━━━ Data listing ━━━
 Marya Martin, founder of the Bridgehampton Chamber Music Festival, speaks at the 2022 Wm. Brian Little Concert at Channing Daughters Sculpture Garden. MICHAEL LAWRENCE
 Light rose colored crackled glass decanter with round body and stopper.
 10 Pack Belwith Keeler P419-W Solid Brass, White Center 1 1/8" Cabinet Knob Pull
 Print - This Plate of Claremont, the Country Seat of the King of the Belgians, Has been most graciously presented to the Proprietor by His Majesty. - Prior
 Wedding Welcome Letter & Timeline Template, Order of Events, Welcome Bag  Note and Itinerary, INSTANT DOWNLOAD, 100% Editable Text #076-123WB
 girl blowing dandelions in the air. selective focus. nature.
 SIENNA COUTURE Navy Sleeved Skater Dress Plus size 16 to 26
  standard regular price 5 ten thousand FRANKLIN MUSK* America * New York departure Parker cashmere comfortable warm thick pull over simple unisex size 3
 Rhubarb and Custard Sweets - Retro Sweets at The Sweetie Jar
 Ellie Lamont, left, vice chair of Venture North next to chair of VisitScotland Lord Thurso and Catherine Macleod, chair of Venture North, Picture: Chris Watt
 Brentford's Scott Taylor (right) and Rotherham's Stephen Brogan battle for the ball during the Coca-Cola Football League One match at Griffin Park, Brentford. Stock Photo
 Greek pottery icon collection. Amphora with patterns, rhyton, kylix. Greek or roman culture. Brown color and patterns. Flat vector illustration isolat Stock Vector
━━━
#### What you have to do
In the listing above, find the line with "girl blowing dandelions" and the line with "Rhubarb and Custard"; set down exactly those two lines and every line between them, nothing more.

#### Written answer
 girl blowing dandelions in the air. selective focus. nature.
 SIENNA COUTURE Navy Sleeved Skater Dress Plus size 16 to 26
  standard regular price 5 ten thousand FRANKLIN MUSK* America * New York departure Parker cashmere comfortable warm thick pull over simple unisex size 3
 Rhubarb and Custard Sweets - Retro Sweets at The Sweetie Jar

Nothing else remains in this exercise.